There had been no parliament in Russia until 1906, and even then it held but a few powers; in the years to come they were reduced. A significant number of Russians, predominantly within the middle class, wanted a democracy with an elected government. However a democratic government could be attained in two ways, with a constitutional monarchy or as a republic. This split the middle classes into those who wanted a constitutional monarchy, following the KDs, and those who were against Tsarism as a whole, dividing into other parties such as the Mensheviks or the SRs. It is worth noting that no major party overtly planned to seize Russia in an undemocratic dictatorship and most were ‘committed to the [Constituent] Assembly’. The KDs appeared to benefit from the 1905 revolution as a Duma was created, and although its power was limited many believed it would progressively gain further sovereignty. However in 1917 the Duma had fewer powers than in 1905, which led many to believe that Nicholas II had used the Duma as a token gesture to appease the 1905 uprising and that he was soon going to withdraw.

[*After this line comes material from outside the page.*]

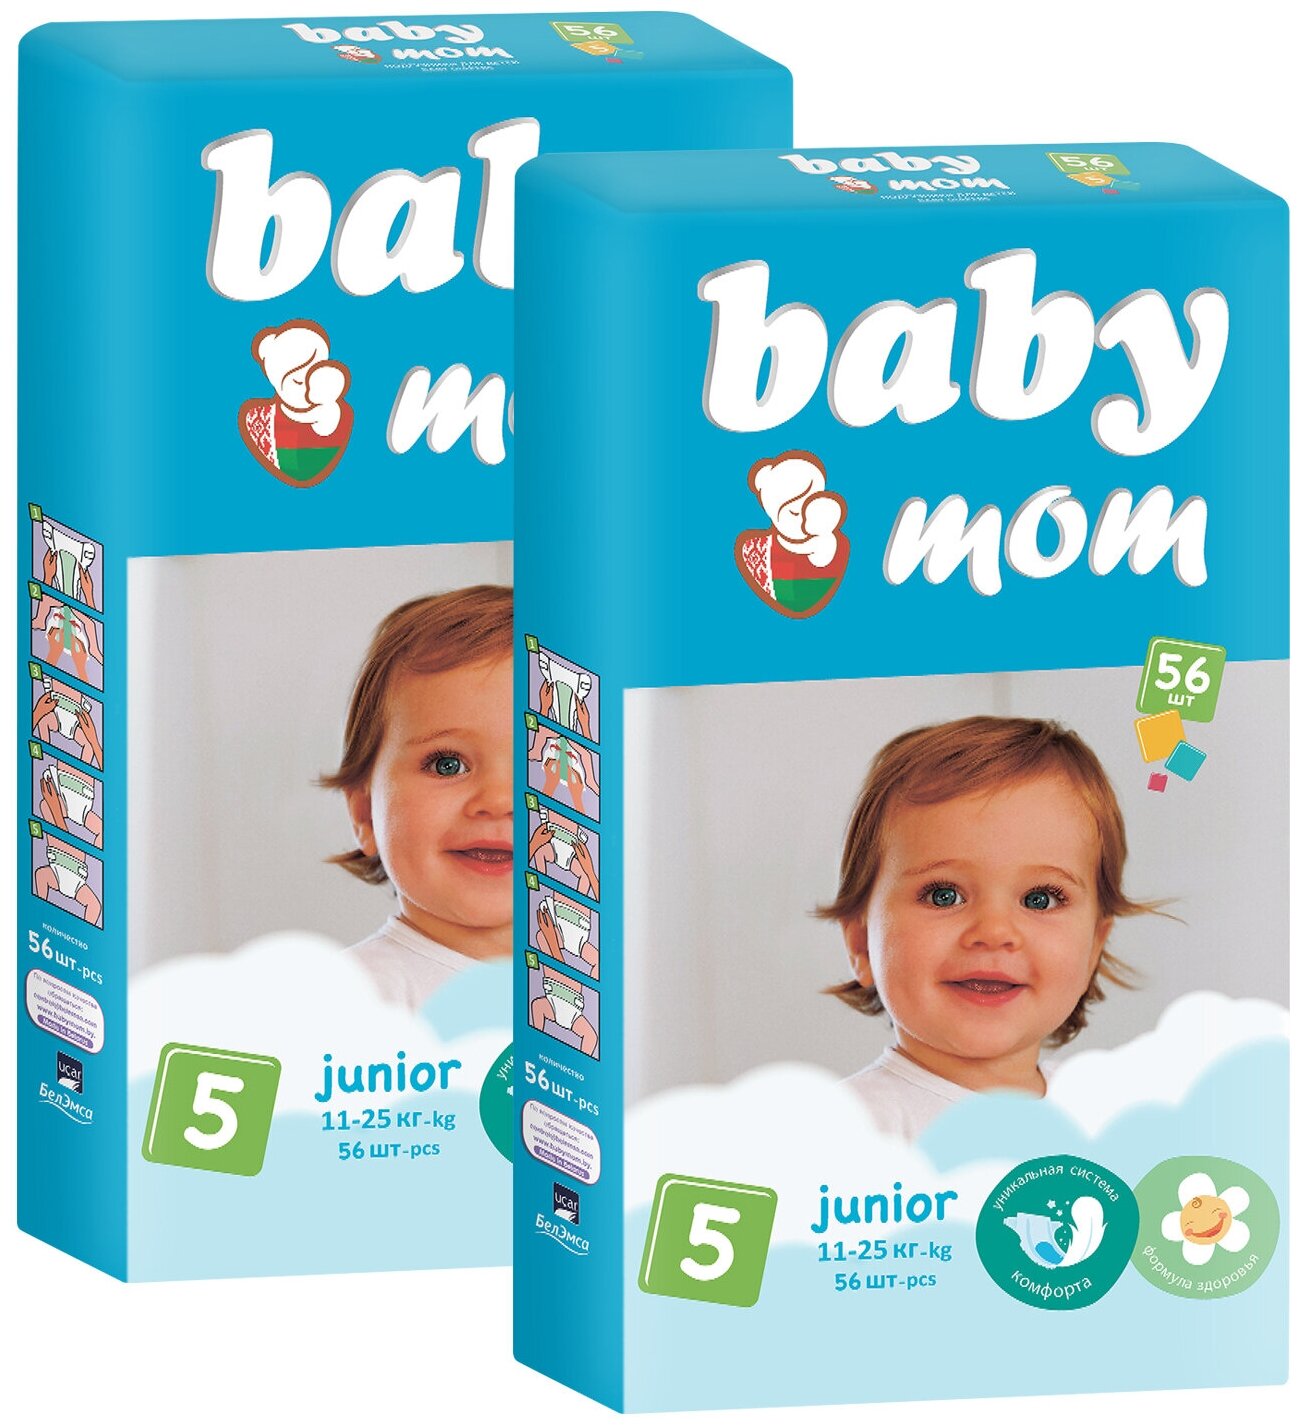 Baby Mom Подгузники с кремом бальзамом для детей 5 размер 112 шт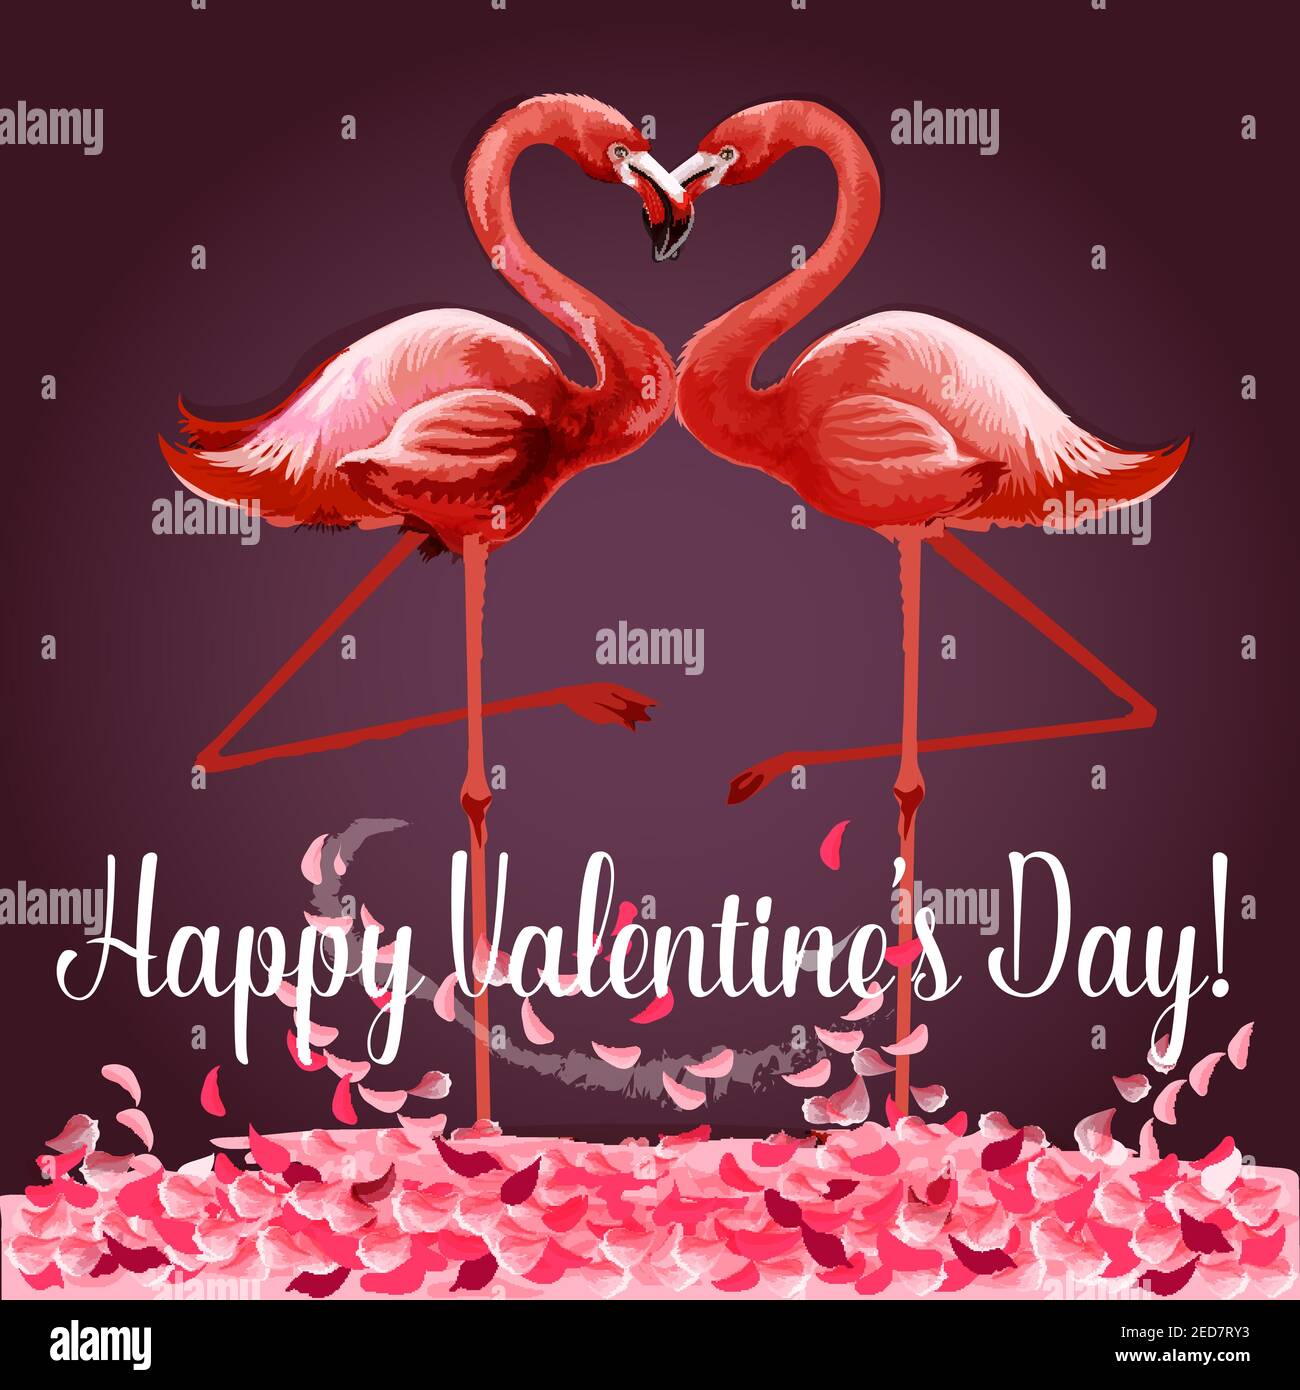 Liebe und Valentinstag Karte. Romantische rosa Flamingo Vögel verbinden Köpfe, um ein Herz zu schaffen. Grußkarte mit Liebesvögeln und Rosenblüten. Festlich Stock Vektor

However the KDs were generally moderates and ‘did not intend open revolution’. The few that joined the strikes would not have shared the ambition of others to overthrow the Tsar but rather wanted to voice their concerns over the Duma’s lack of power or, at their most radical, force an abdication. The fact that the February revolution resulted in the end of Tsardom was the key factor for the revolution being unsuccessful for the KDs and their supporters.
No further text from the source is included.